Xpark Vegas. Machine Guns Vegas owner Genghis Cohen wants to build a 16.2-acre adult theme park just north of and across I-15 from SpeedVegas, near Sloan. Plans call for a construction-equipment area where customers would be “allowed to operate heavy equipment such as bulldozers”; a speedboat area with channels ranging between 21 and 43 feet wide; an ATV and dirt bike obstacle course; a 180-foot bungee tower; and a shooting range, according to Cohen and county documents.
The Edge. At Las Vegas Boulevard and Sunset Road, the site of a nine-hole executive golf course, Australian Josh Kearney says he’ll break ground in April or May on a 130-acre extreme sports park. The attraction would include off-road dirt biking areas, wakeboarding lakes, surfing lakes, an indoor mountain-biking track, indoor skydiving, rock climbing, bungee jumping and zip lines as well as a 15-story, 640-room hotel with a casino, convention space, restaurants and two rooftop swimming pools.
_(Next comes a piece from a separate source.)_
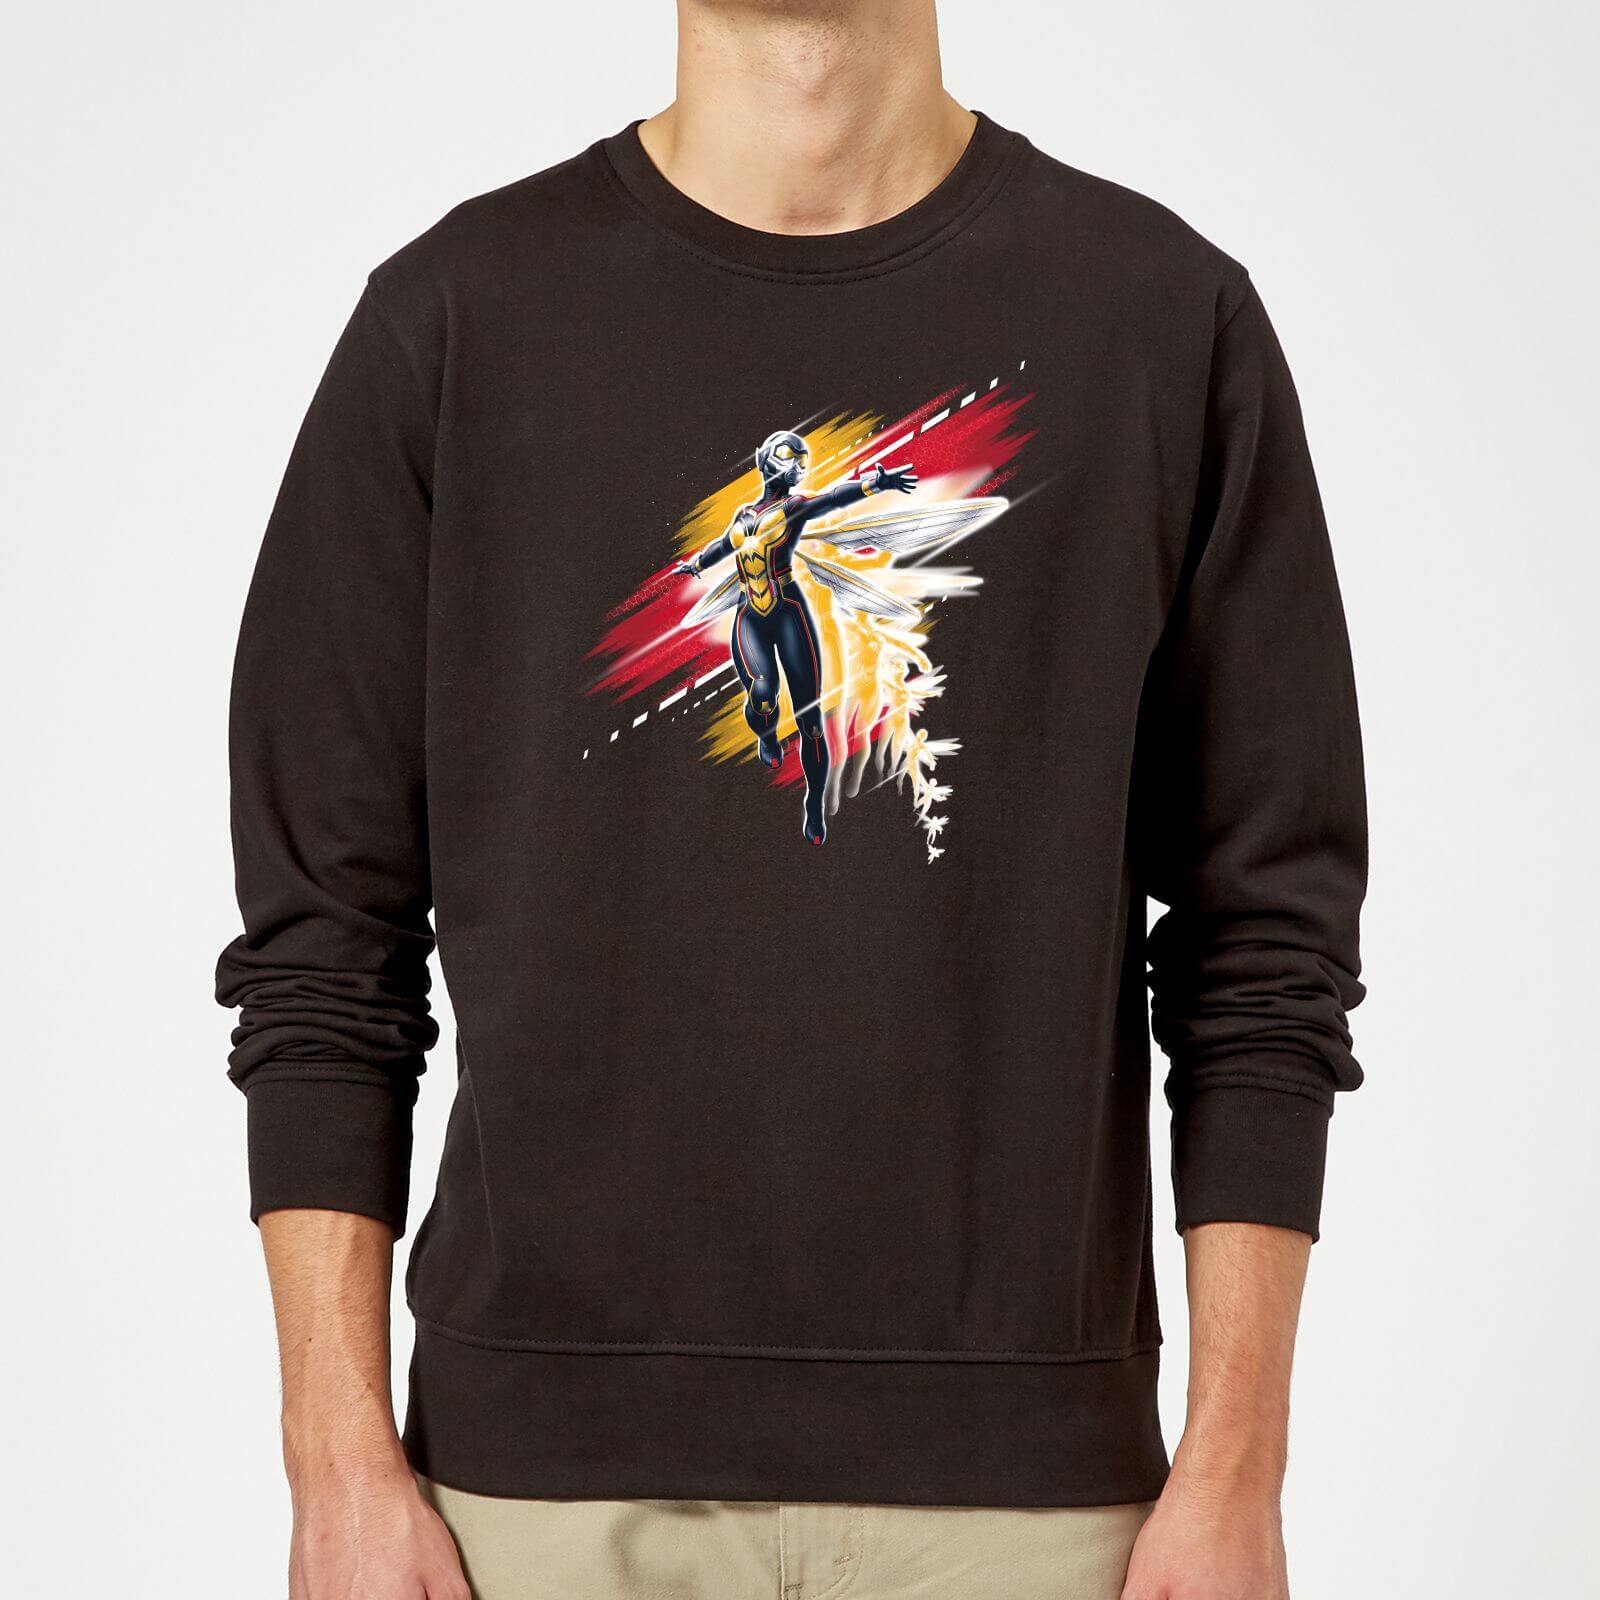 Ant-Man And The Wasp Brushed Pullover - Schwarz - S - Schwarz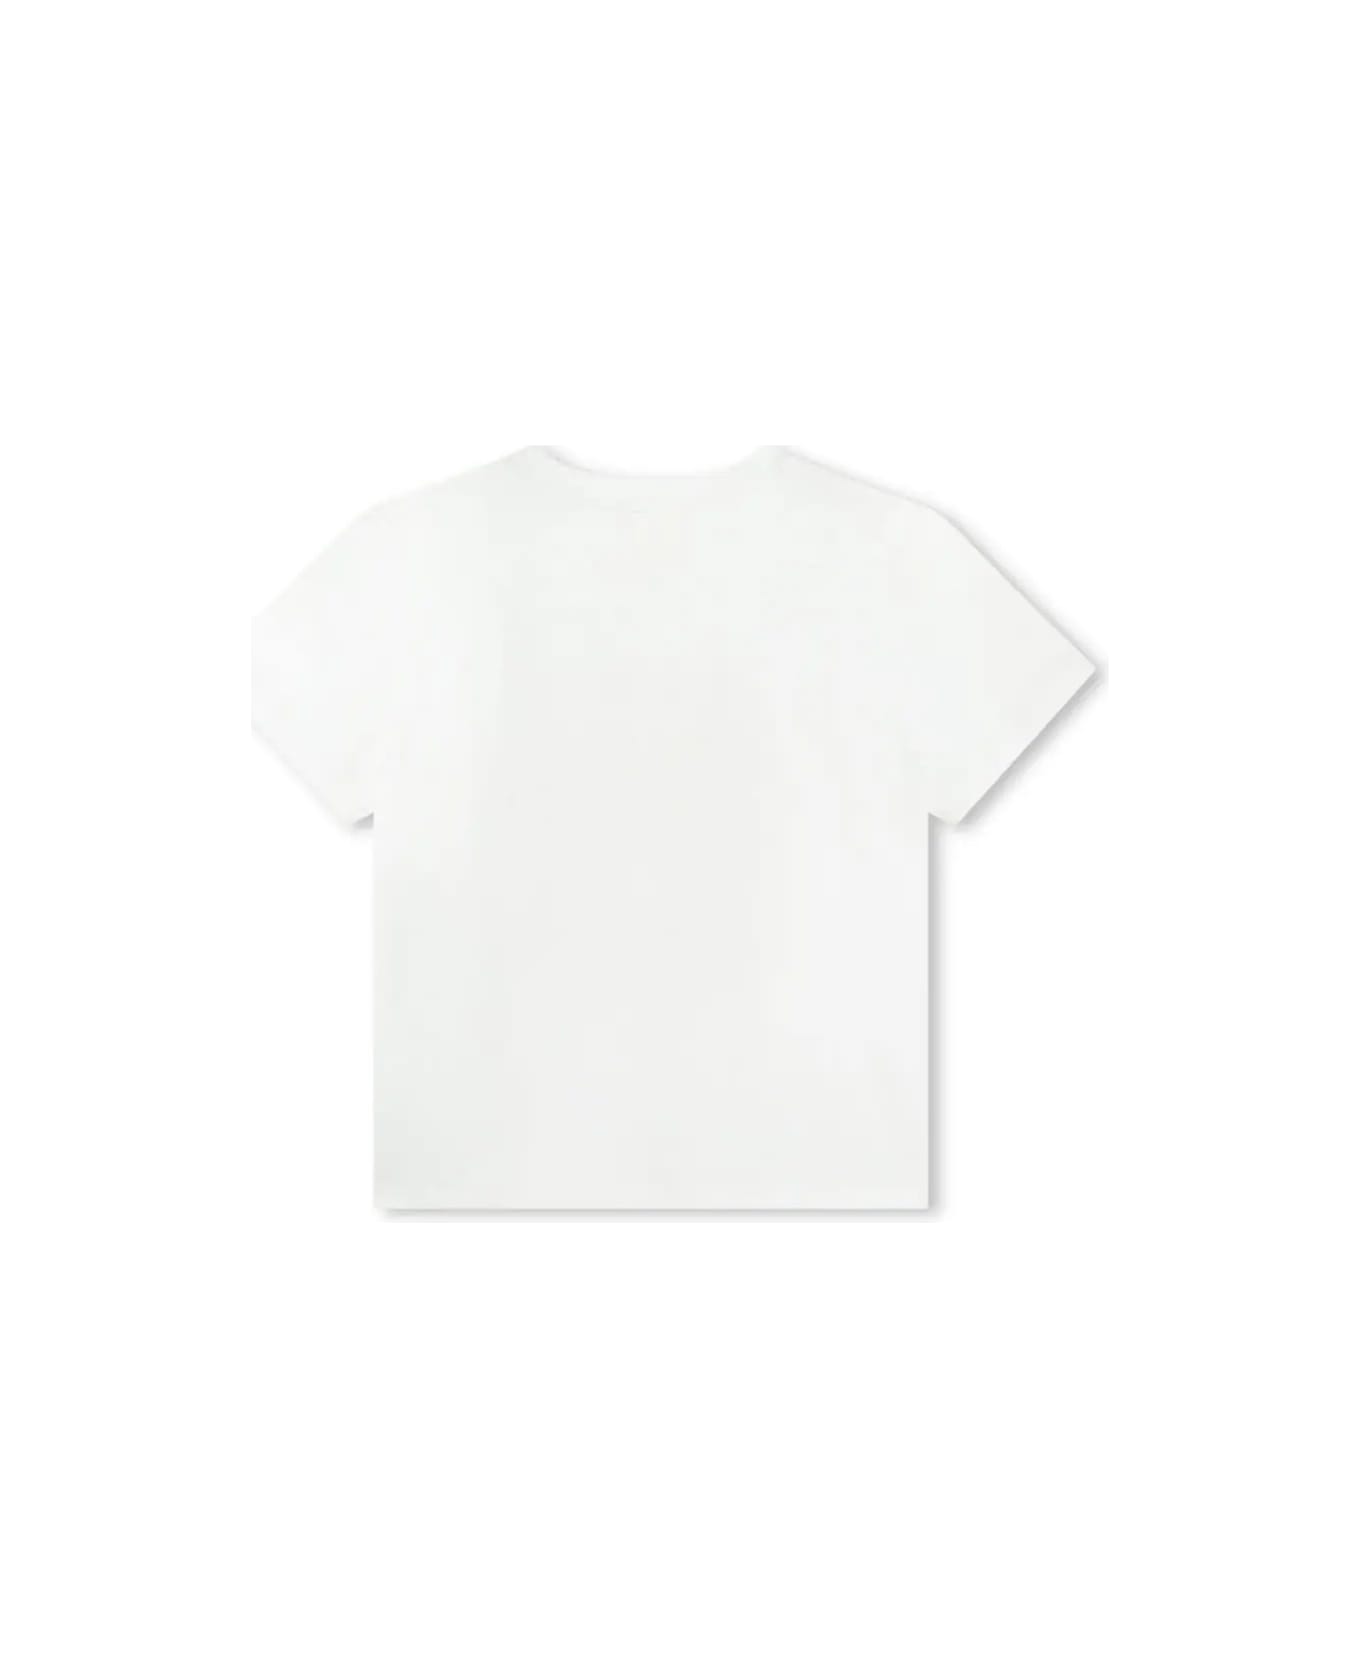 Givenchy White And Gold Givenchy 4g T-shirt - White

Anti-terrorism boot camp. Sisolak said he heard a presentation from someone who wanted to develop an attraction near Searchlight. Under the plan, Sisolak said, participants would learn to rappel from a helicopter, escape from wrist bindings within a secured bunker and ride a motorcycle while shooting a gun. “He claimed there was a huge market for this,” Sisolak said. “Maybe it’s to train to be a bodyguard.”